Day 2, 11 September 2008
09:00 – 10:30	SESSION 1: Loudness Coordinator: Gerald Lecucq (Alcatel, France)
	Sridhar Kalluri (Starkey Hearing Research Center, USA): Effect on sound quality of extending the bandwidth of amplification to high frequencies in hearing-impaired listeners While it is becoming possible for hearing aids to give a broader frequency range of amplification than possible in the past, there is little consistent objective evidence that a greater audible bandwidth gives perceptual benefit to hearing-impaired (HI) listeners. This study investigates whether extending the bandwidth of reception to high frequencies gives an improvement of sound quality to HI listeners, as it does for normal-hearing listeners. We address this question by asking 10 moderate HI listeners to rate their preference in terms of sound quality of different upper frequency limits of amplification (4, 6, 8, 10 and 12 kHz) in paired-comparison trials. Subjects rate the quality of 3 music samples and 1 speech sample, with all samples selected to have significant high-frequency content. Stimuli are amplified linearly according to a high-frequency version of the CAMEQ prescription that compensates for the subject’s hearing loss. Inconsistent findings from past studies regarding the efficacy of increasing bandwidth may be due to insufficient audibility of high-frequency energy. The problem stems from the difficulty of verifying sound levels at the ear drum at high frequencies. The present study addresses verification of audibility by measuring sound levels in each subject with a probe microphone placed approximately 2-3 mm from the ear drum. The proximity of the probe tip to the ear drum helps overcome the across-subject variability in the levels of high-frequency components of sound due to individual differences in ear-canal geometry. The study also verifies audibility by measuring the ability of individual subjects to discriminate the different bandwidth conditions for every stimulus sample used in the assessment of sound quality.
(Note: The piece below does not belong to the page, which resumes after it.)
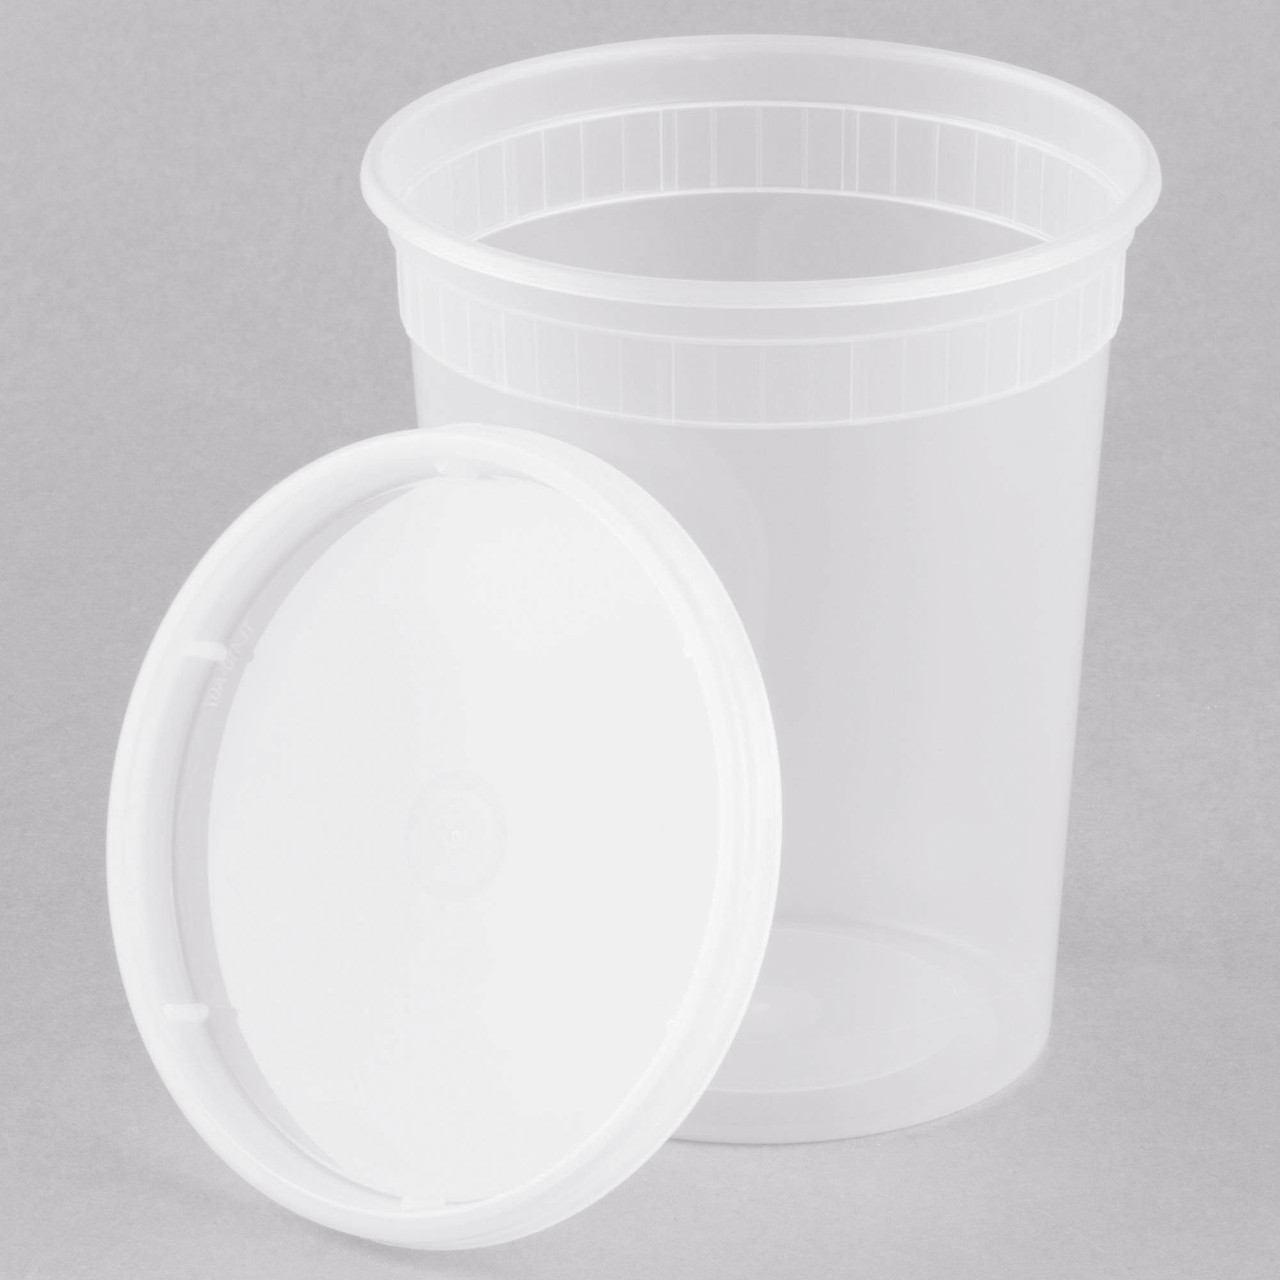 12pcs Round Clear Plastic Container With Lid -  Sweden

We will discuss the results of the experiment and its implications for the bandwidth of amplification in moderate HI listeners.
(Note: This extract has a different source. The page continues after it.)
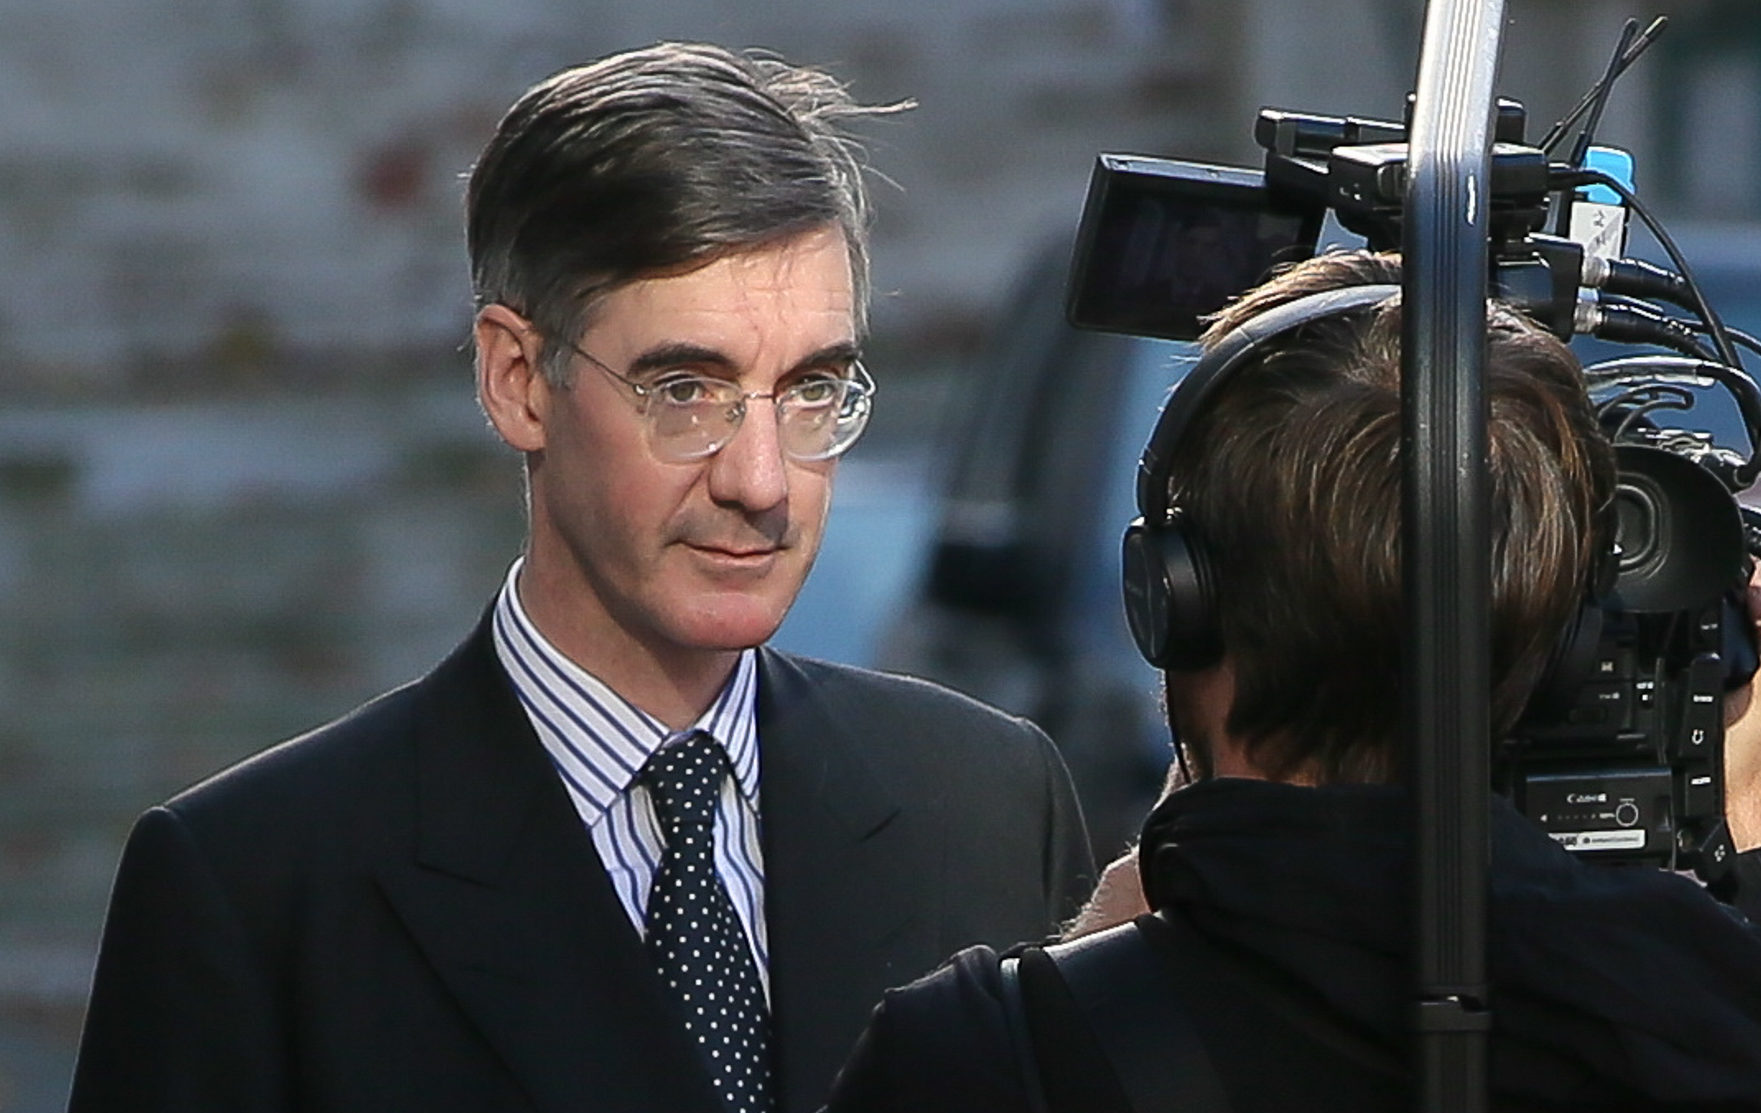 Jacob Rees-Mogg (Ian Lawrence X/Getty Images)

	Arnault Nagle (France Telecom, France): Assessment of audio codecs in the context of VoIP audio conferencing: Monaural vs diotic listening In VoIP audio conferencing, audio rendering is usually proposed over either handsets or headphones, which means two distinct kinds of listening condition: monaural or diotic. The goal of our study is to determine whether listening over the monaural or diotic condition has an impact on the perceived quality of speech processed by VoIP codecs. We performed two ACR tests: one in narrowband and one in wideband. Each test had two sessions: one with a monaural listening and the other with diotic listening. Both tests were performed using 32 different listeners, divided into four groups of eight listeners each. The processed speech material was presented randomly to each group, seated in an acoustically conditioned sound room following the P.800 requirements. The speech material used was extracted from the France Telecom french speech database. Speech database consists of simple meaningful short sentences recorded in a quiet environment. The listening level was not the same between the monaural and the diotic condition, in order to keep equivalent the loudness. It was chosen as 79 dB SPL for the monaural condition, whereas a decrease of 10 dB SPL was applied per channel over all the bandwidth for the diotic condition (69 dB SPL). It is shown that the listening condition has a significant effect on the perceived codec quality. For diotic listening, quality is judged more severely when speech is degraded for instance by packet loss or low bit rate. Diotic listening seems to help subjects to better discriminate degradations. In addition, the difference of listening level between the monaural and diotic conditions leads to hide noise defects, which points out the potential weight of the listening level for quality evaluation. In function of the codec, that is the degradation introduced (packet loss or bit rate), the impact can be more or less strong resulting in shifts in codec ranking between the two listening modes. At the opposite, in comparison with monaural listening, diotic listening highlights the benefits of high quality codecs. These results suggest that audio codecs should be chosen carefully for use cases.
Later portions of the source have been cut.